When You’ve Got to Go

'It is truly regrettable that a person will treat a man who is valuable to him well, and a man who is worthless to him poorly. One should have insight into this world of dreams that passes in the twinkling of an eye'.
Hojo Shigetoki 1198-1261

It’s time for the e-Envoy to go and I’ll start this thought with a quote from a speech I delivered at Westminster in October of last year:



“Without a solution in place, the continued absence of a universal architecture of trust, in conjunction with very real risk of expensive failure, threatens the credibility of the government’s programme and with it, any hope of building a true knowledge economy at a time of threatening recession. Its action that is needed, not excuses. We’re either an online society or we're not and without an architecture of trust and a readily available authentication capability more elaborate than a simple password or PIN number, we are most definitely not in danger of becoming the first world knowledge economy that I imagined two years ago”.

I am of course referring to the unholy mess that surrounded government’s plans for digital certificates and PKI and one government-related publication commented, only this month:

“Although PKI (public key infrastructure) and digital certificate technology has played a major role in leading projects such as the Government Gateway, there is now growing recognition that it is unsuited for wider public use”

In fact and from my own direct experience, government has known, for at least a year that their PKI strategy wasn’t going to work and as far back as November of 2001, in my role of ‘advisor’, I passed on the concerns of local government in a memo to the Cabinet Office and the e-Envoy. “All fur coat and no knickers” was one of the comments.

This month, one official is quoted as saying, “"Trust and authentication has been a huge problem for us.
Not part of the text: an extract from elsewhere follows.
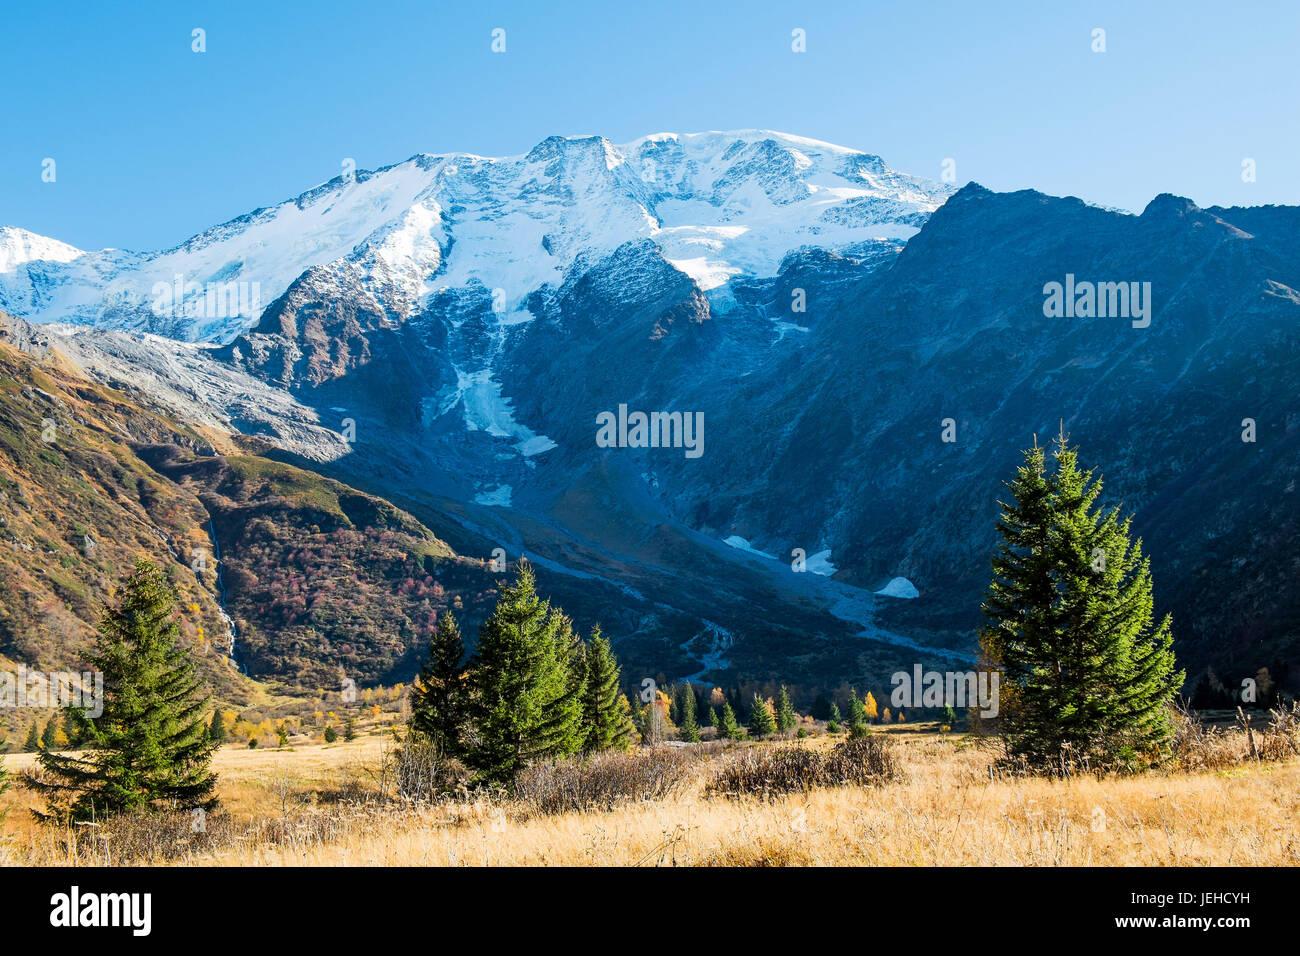 View of Mont Blanc de Miage from Chalets de Miage, Saint Gervais les bains, Chamonix, France - Stock Image

We haven't got a solution for authentication. We've been trying with PKI for about 10 years now and its not working because it's a pain to implement and to use. We've been looking to take the pain out of PKI.”

But it’s the next quote that I find really interesting:

What we are saying with authentication is that if another trusted organisation such as a bank can provide proof saying you are who you say you are that should take the need away for digital certificates."

This isn’t a startling revelation and its hardly a “radical way" of solving the authentication problem. in fact it’s been on the table for at least a year, through conversations with APACS, Identrus, Quizid et al. It’s just that the government have taken this long to accept the inevitable, that someone else, through a public – private partnership, can rescue them from the hole that they’ve fallen into.

So, the good news is that government appears to be out of ‘denial’ where its PKI strategy is concerned although I doubt very much that anyone is going to stand-up and take responsibility.

In my speech to MPs and others last year, I noted:

A well-meaning and at first glance, sensible decision towards self regulation, has instead resulted in inertia and a multi-vendor race which no single interest seems capable of winning. It makes any prospect of mass-market authentication a convoluted, expensive, multiple standards affair, involving different certificate authorities, a government that only accepts certificates from selected companies and a level of tiresome bureaucracy at each end of the process. What should have been simple and cheap has now become endlessly complicated, prohibitively expensive and stands in the way of both progress and the political agenda. Competition, instead of offering a commercial solution has given us deadlock”.

Three years ago, I was asked if I was going to put myself forward as a candidate e-Envoy to replace Alex Allan. Very sensibly I declined, firstly because I’m not politically correct enough and secondly because I could see how the role would always find itself acting as publicist for No10 through the ‘eCommunications’ Directorate. Today, I believe enough avoidable mistakes have been made with taxpayers money to merit a change of scenery at the top and I’d call for a referendum but I’ll doubt we’ll get one.